All chafing dishes are created pretty equal, with exception of style.
You'll want plenty of fuel. Most common are the 2 hour gel fuel canisters, although you may be able to find 4 hour.


----------



## renique_2000

thanks. Now as far as quantity how should I configure the amount to serve? Again its for 50 people but pasta dishes will serve as sides.


----------



## ed buchanan

If it's pastas only and 5 hours figure 1 Pound for 5 people. Try to stay away from fettucinni or spaghetti it will get gummy . Use rigatonni or any wide large pasta. Try a tomato vodka sauce and rigatonni. What Jim says is right 5 hours under fire is a long time.eace:


----------



## shroomgirl

Renique,
from your profile it looks like you are not a professional caterer...
I can't remember EVER having a savory only buffet out for 5 hours. Most are set up so that appetizers come out, then dinner is 1.5ish hours.....50 is not a big number they should be able to get through it in 30 minutes and come back for seconds. Then it gets removed and there's dessert. This way your food stays in a quality safety zone (or at least there is more of a chance of that happening than 5 hours of hot food.)

Knowing how to preserve food safely is one of the big parts of being a caterer. That's why people hire us. Thanks for you questions, welcome to Cheftalk.


----------



## renique_2000

shroomgirl,

Thanks for responding. Obviously I am not claiming to be a professional chef, hence my profile. I was looking for advice, from professionals, not smart #@#comments from non-professionals.

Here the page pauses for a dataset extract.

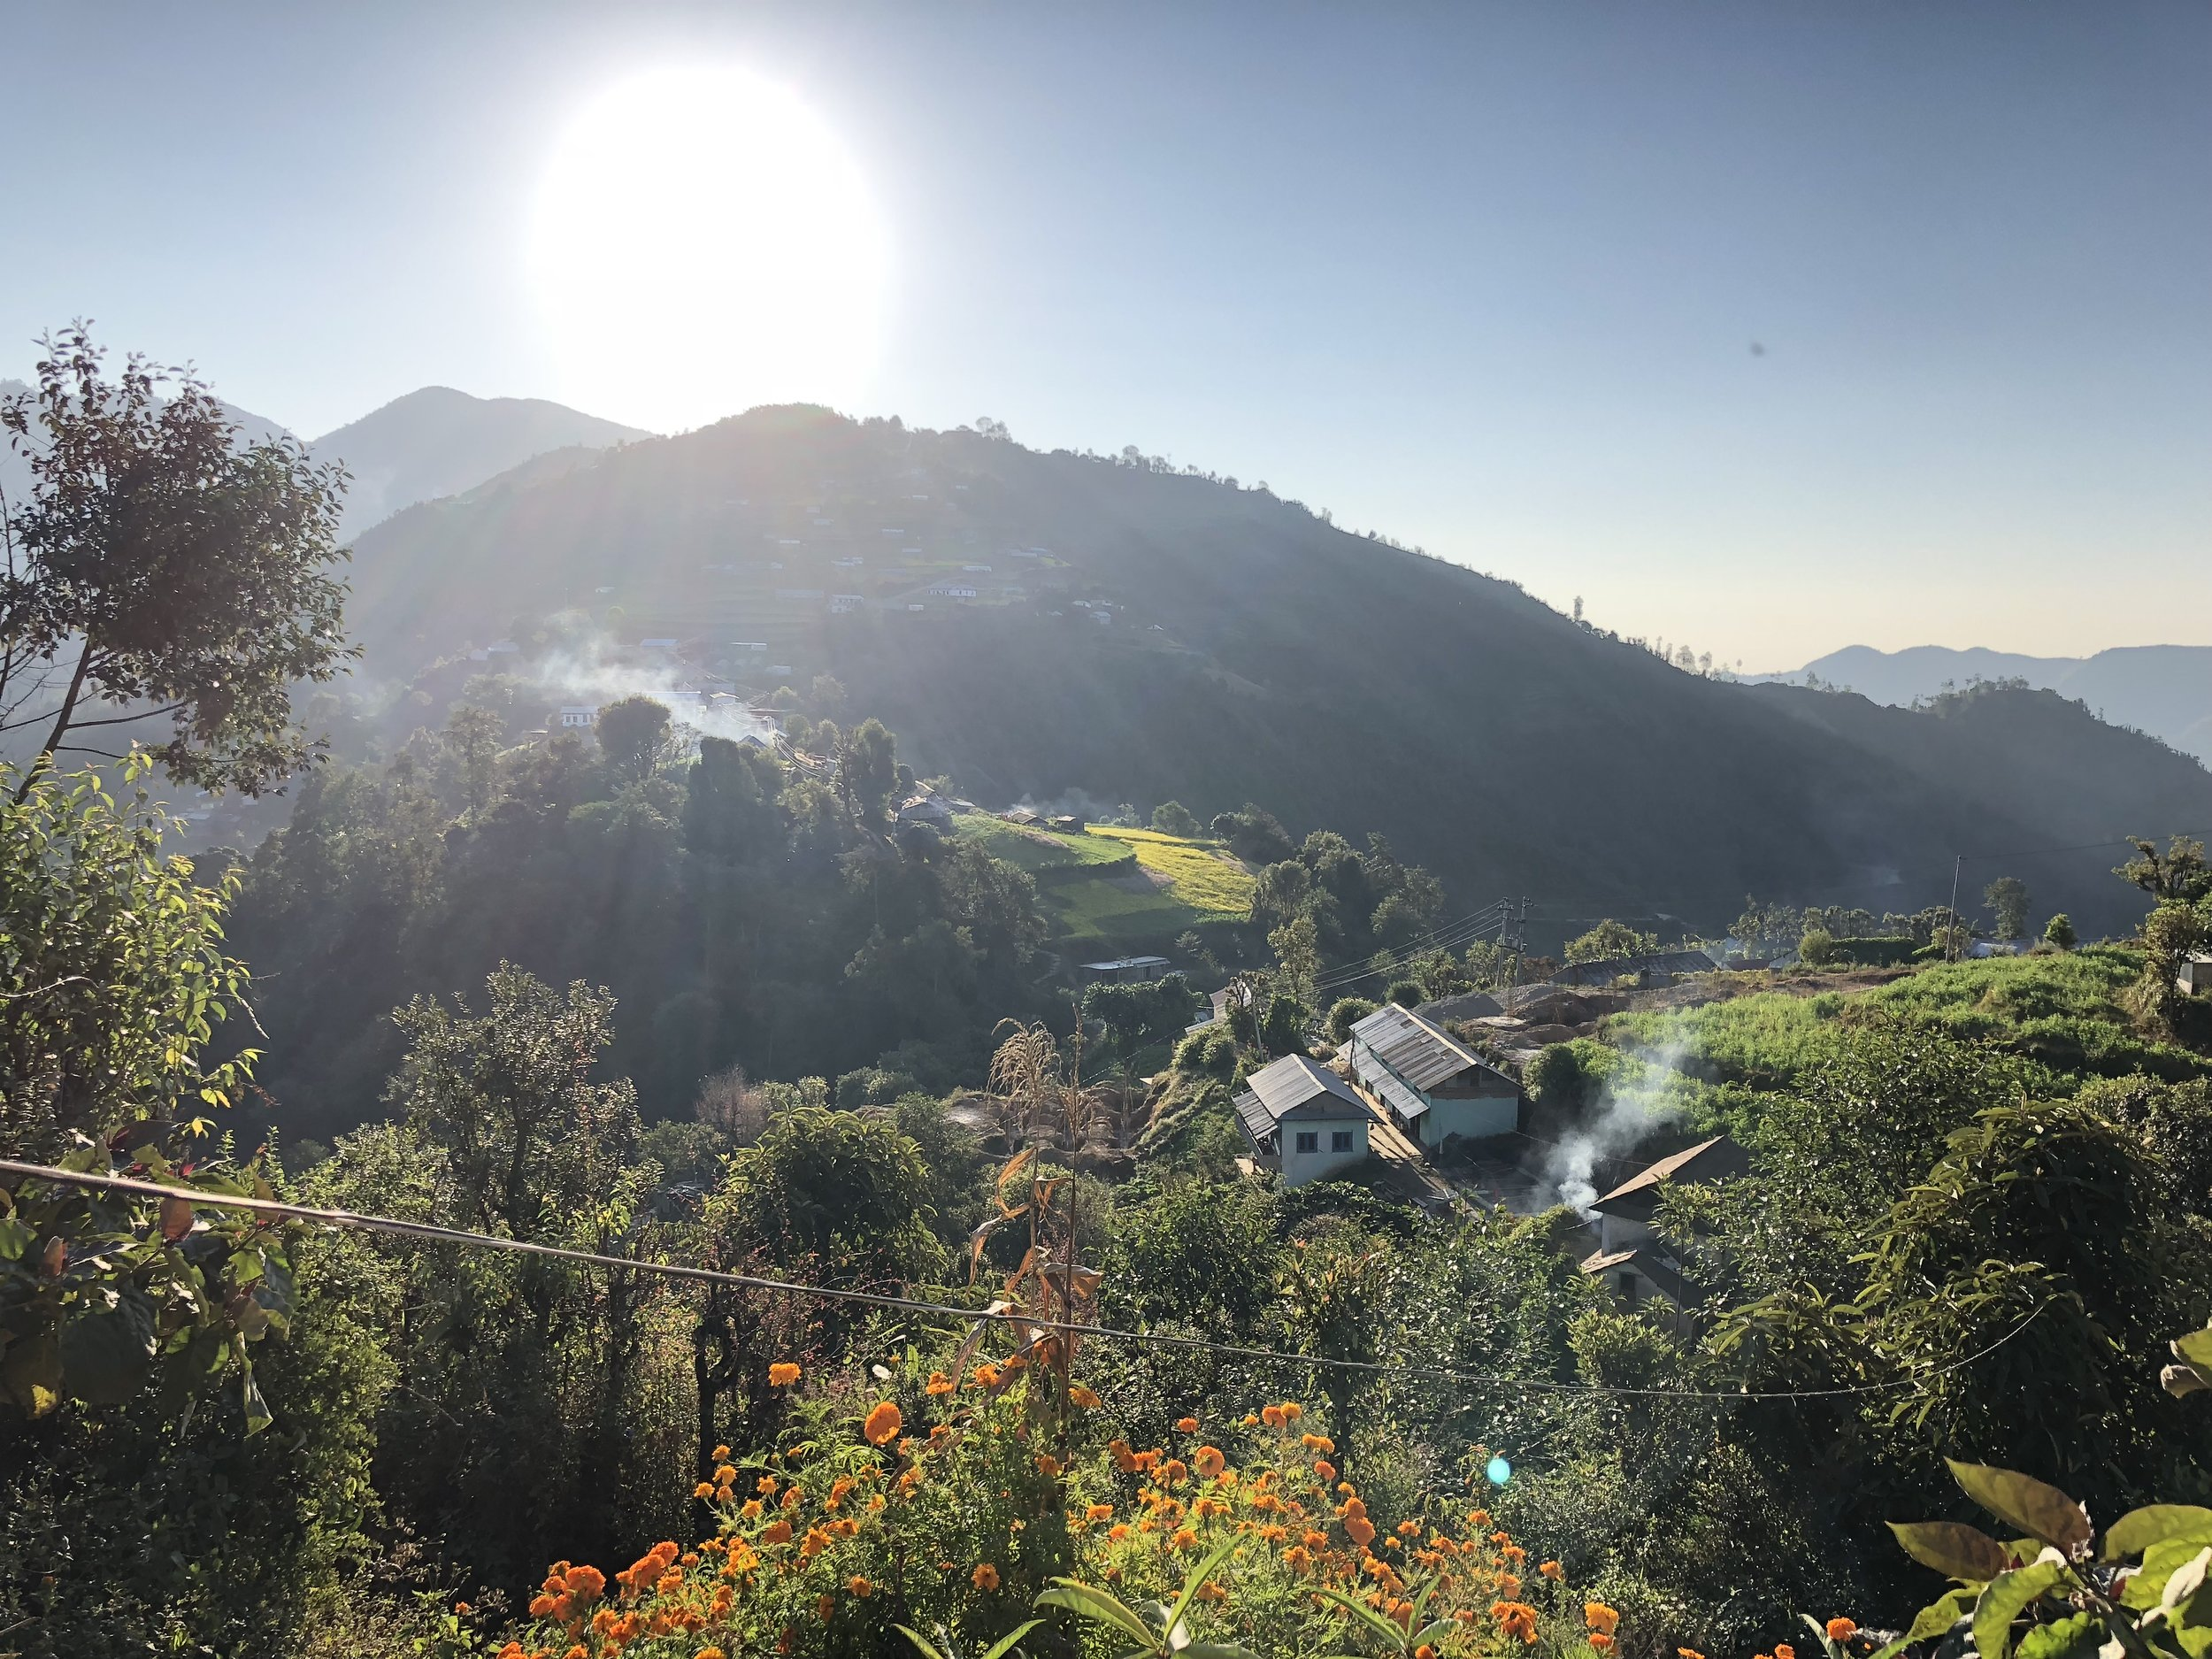 sunrise at manikhelnepal kathmandu valley nepal trekking weather homestay.jpg

In the future you should try to stick to the topic at hand when commenting and leave your smart comments to yourself i.e. "that's why they hire us". Thanks again.


----------



## just jim

renique,

Easy.
The one difficulty I see with the boards is newcomers wanting to get opinions from professionals, and the natural inclination is to pose their question in the professional section, even though the rules are clearly listed.
I'll admit that I would probably do the same.
Some here are somewhat hard-nosed about the policy, others not so much.
Being hard nosed isn't a put down, rules are rules.
Moderators especially will bring this up when noted, it's their responsibility.

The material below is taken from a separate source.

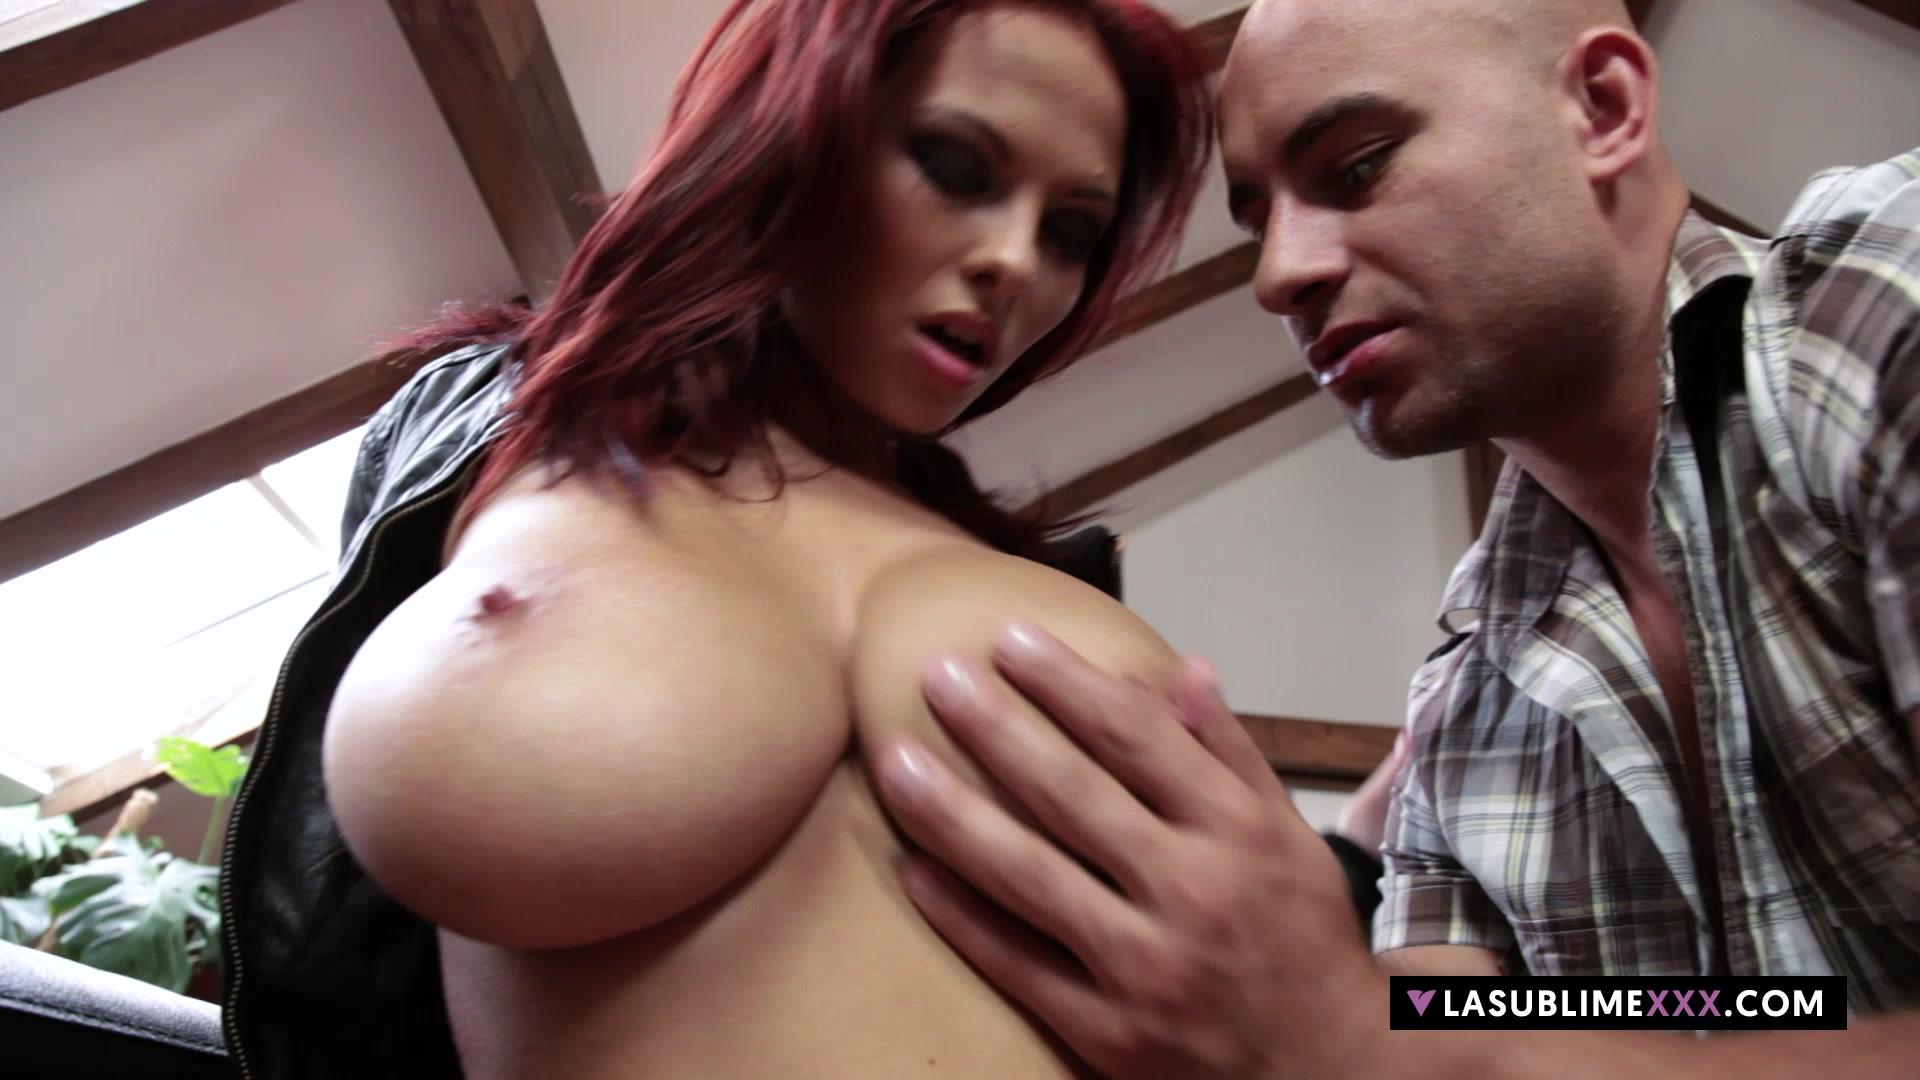 LaSublimeXXX Busty redhead Domino gets her pussy drill Big light skin ebony boobs

You may have received the same help in the non-professional section just as readily, but maybe not, as some pro's don't post much in that section.

shroom did include useful information for you.

Ease up a bit, the holidays are going to be stressful enough.
Good luck to you on your project.


----------



## shroomgirl

Renique, 
as moderator I could have moved your post but chose not to.....this forum is for professionals.....you wanted our input you got it. 5 hours of hot food has got safety issues all over it. 

"Professional Catering Forum Professional caterers can share their experiences and ideas here."


----------



## just jim

5 hours at the proper temperature isn't that big of a safety issue, more of a quality issue.
But, keeping in mind that renique isn't a pro, very possible that the proper temperature will not be maintained.


----------



## petemccracken

IMHO, there are two questions: food safety and edibility.

There is the additional question of "non-pofessonals" posting in the "professionals only forums".

Food safety wise, at least in Tulare county, California, as long as you keep the food temperature above 135°F, you've met the food safety requirement.

Whether it will be "edibale" is an entirely separate question. IMHO, that is a lost cause.


----------